It Began with Babbage Page 39 Read online free by Dasgupta, Subrata

Home > Other > It Began with Babbage > Page 39

It Began with Babbage Page 39

Programming, for Dijkstra, was a human activity; and as a human, he had to live with his cognitive limits.8 Like Herbert Simon, who recognized the cognitive limits to human rationality (see Chapter 14, Section III), Dijkstra understood the limits to the human ability to cope with complexity. Simon circumvented bounded rationality by way of heuristic problem solving. Dijkstra sought for ways out from the messiness of the programming habits of his time. One way was to discipline the use of certain types of statements in programming languages—in particular, the goto statement in Algol-like languages. In 1968, he wrote a letter to the editor of the Communications of the ACM that was published under the title “Goto Statements Considered Harmful” and in which he proposed that the goto statement in Algol-like languages should be simply abolished from all programming languages, for it was an open invitation to make one’s program unnecessarily messy, thus unnecessarily complex. The goto statement, he pointed out, was entirely avoidable9 This letter proved to be astonishingly controversial because many thought it posed a threat to their very freedom as programmers, a restriction, they believed, on their “first amendment” rights as programmers.

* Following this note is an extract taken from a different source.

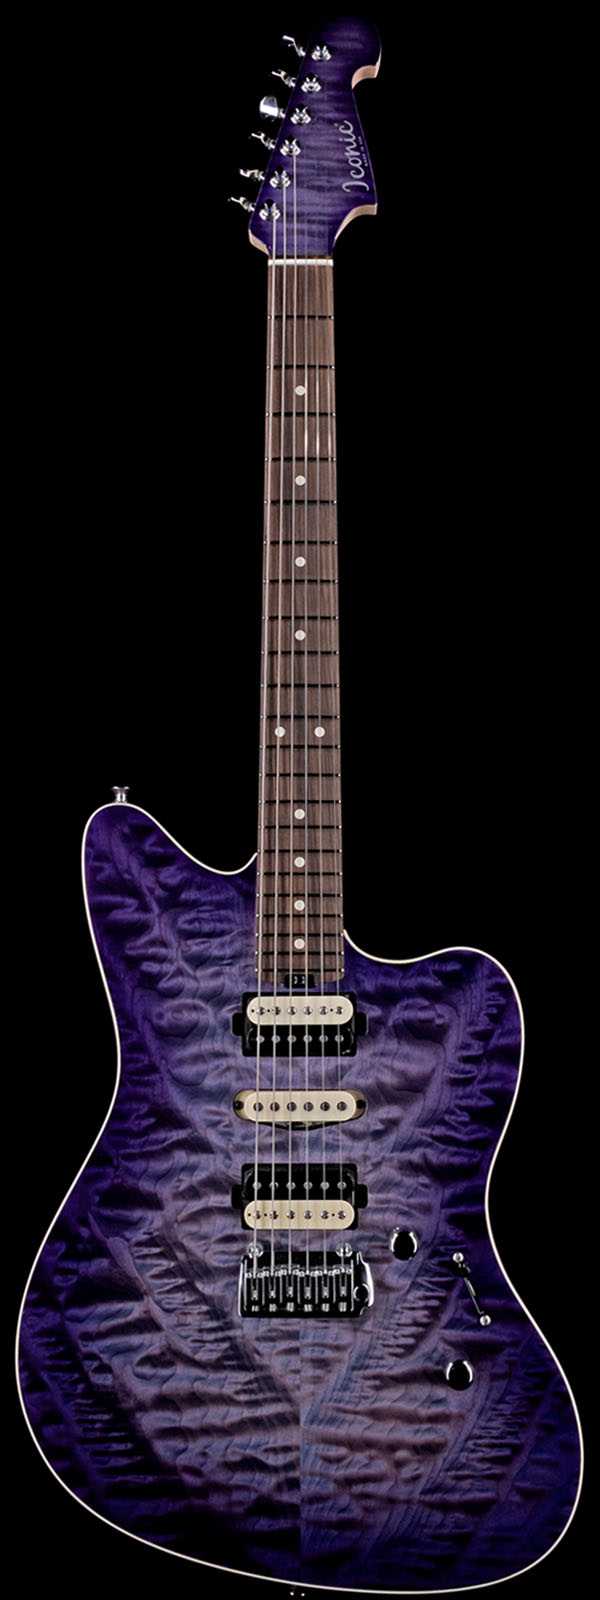 Iconic Cardiff Evo Limited 5A Quilt Top 5A Flame Neck Neck Purple Haze with Purple Sparkle Back

As for large programs such as OS/360 and Multics—he was writing in the first age of massive operating systems (see Chapter 15, Section XIII)—their complexity had to be controlled, or rather mastered, in some fashion. The solution lay in the Latin adage divide et impera, divide and rule.10

But how should one divide to rule successfully? If a program is to be decomposed into many parts—or is to be composed out of many parts—then decomposition/composition of the parts must be done so that there is a harmonious fit between the parts to achieve a unity of the whole.

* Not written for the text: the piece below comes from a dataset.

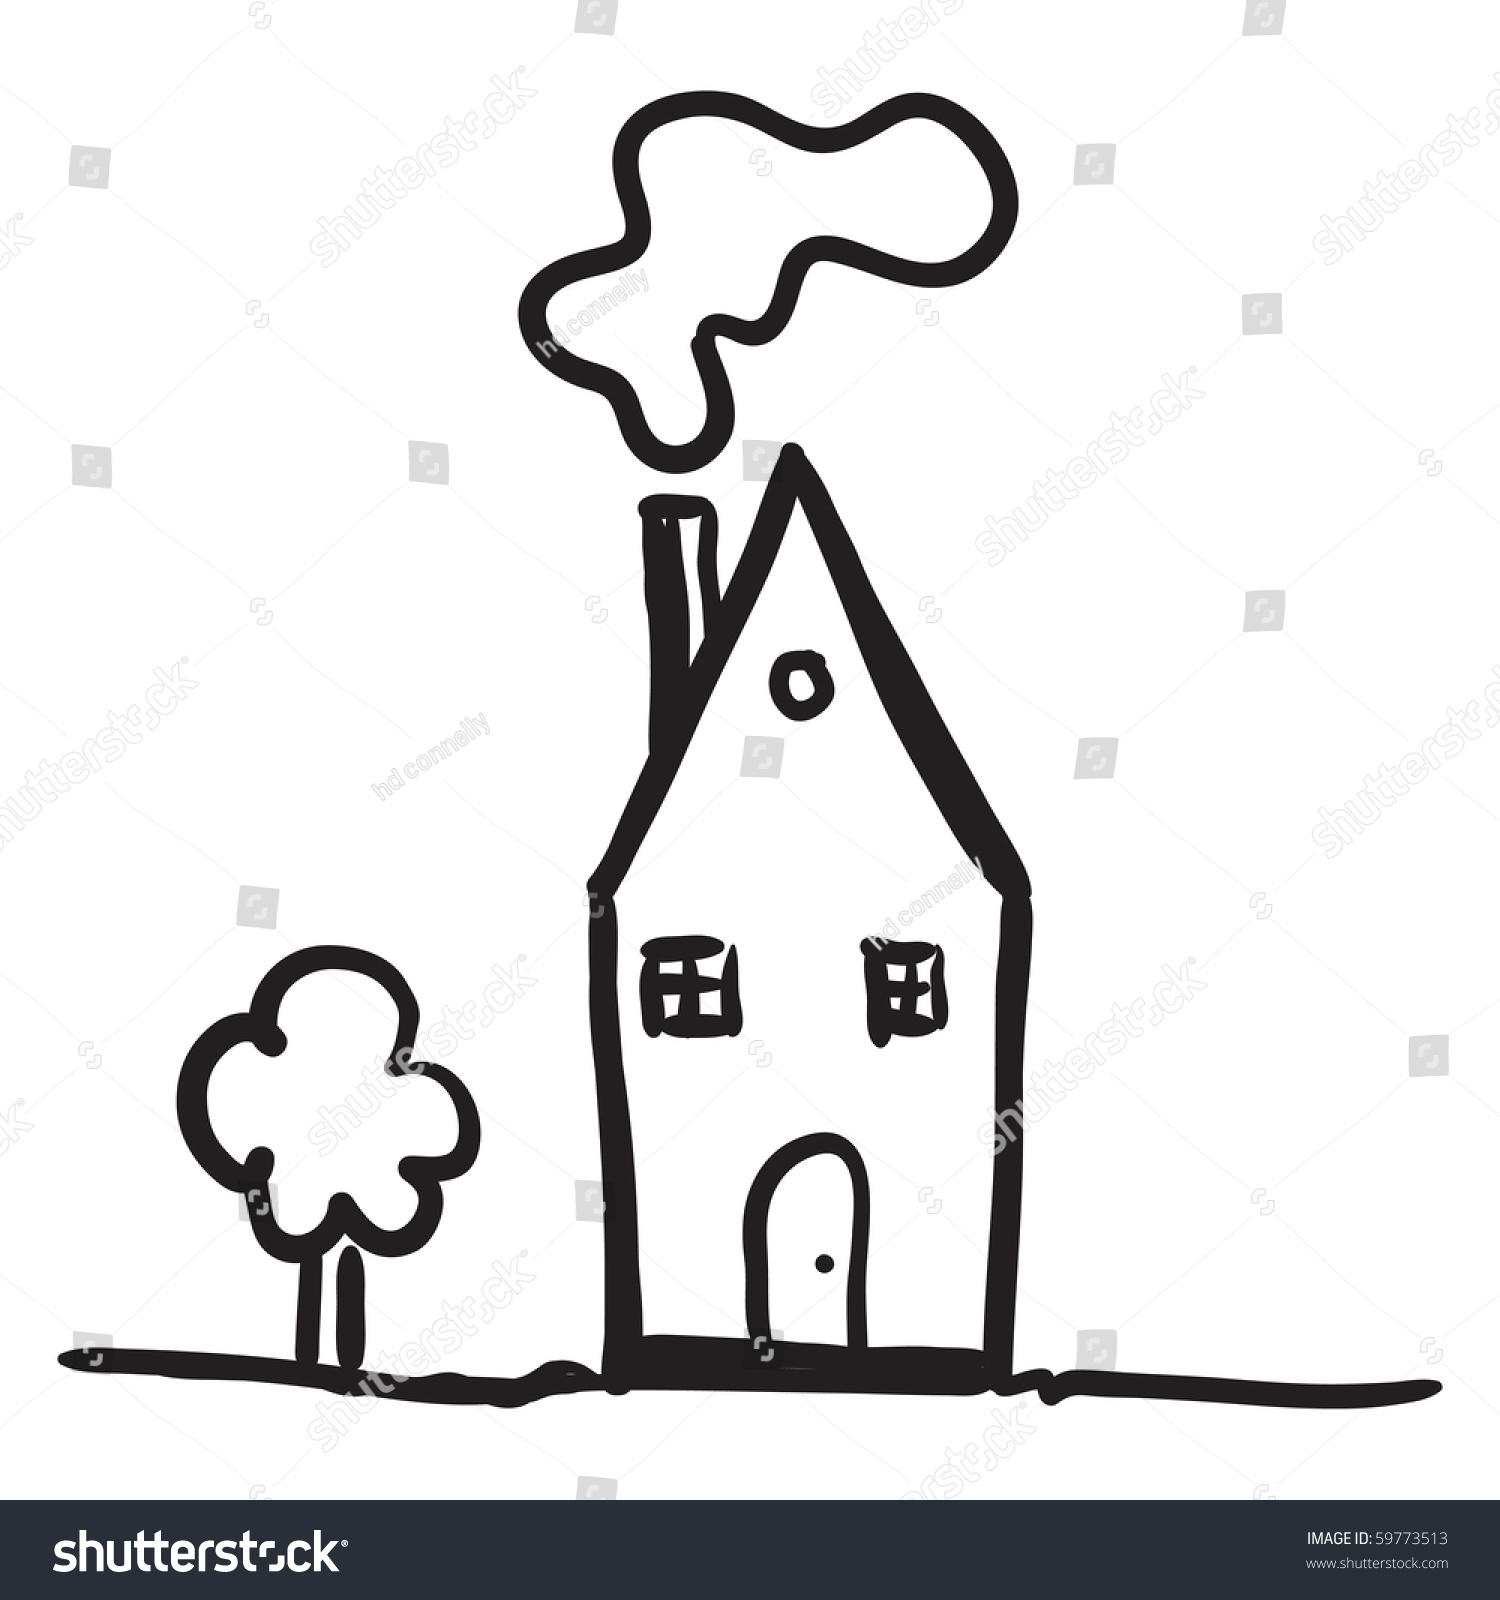 Simple Drawing Of A House Stock Vector Illustration 59773513 : Shutterstock

There was a corollary to this. Conventional wisdom on programming at the time had it that program debugging—weeding out errors (bugs) from a program already written—was a standard operating procedure. Dijkstra had a horror for debugging. Believing the precept “prevention is better than cure,” he also believed that program development should prevent nasty bugs from entering a program at all, from the moment its construction begins.11

III

So how does one divide and rule? Dijkstra laid out the fundamentals of the gospel that became structured programming in his 1965 paper.

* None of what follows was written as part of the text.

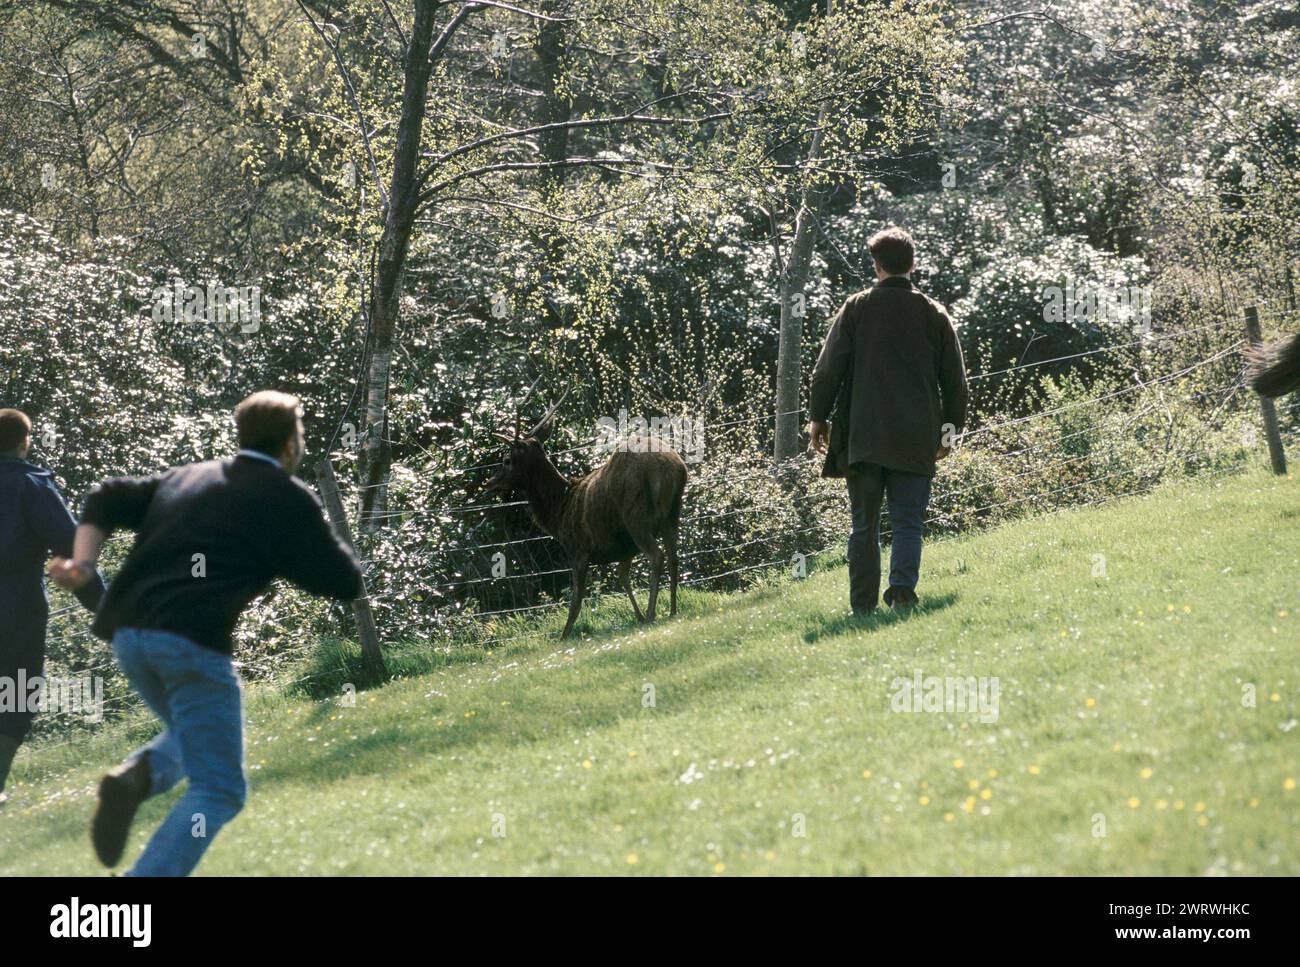 Quantock Staghounds 1990s Uk. Quantock Hills Somerset. The stag is brought to bay by hounds and then shot, culled by a shooter. 1997 Foot followers run to catch up with the deer. and 'hold' with out stretched arms  the stag deer at bay. HOMER SYKES Stock Photo

The programmer first identifies and completely specifies the functional requirements of the individual program components—that is, what each component is required to do. He then demonstrates, rigorously, to his own satisfaction, that if components are put together properly, then the program will solve the intended problem. He then implements the individual components independently so that their respective functional requirements are met.12 However, an individual component of the total program may itself be of such complexity that this, in turn, may need to be decomposed into subparts using the same procedure as just mentioned.13

This, then, was the basic manifesto of structured programming, and Dijkstra used this term for the first time in 1969 at the NATO conference on software engineering.14 Later, other terms would also be used to refer to this approach: program development by stepwise refinement and top-down programming.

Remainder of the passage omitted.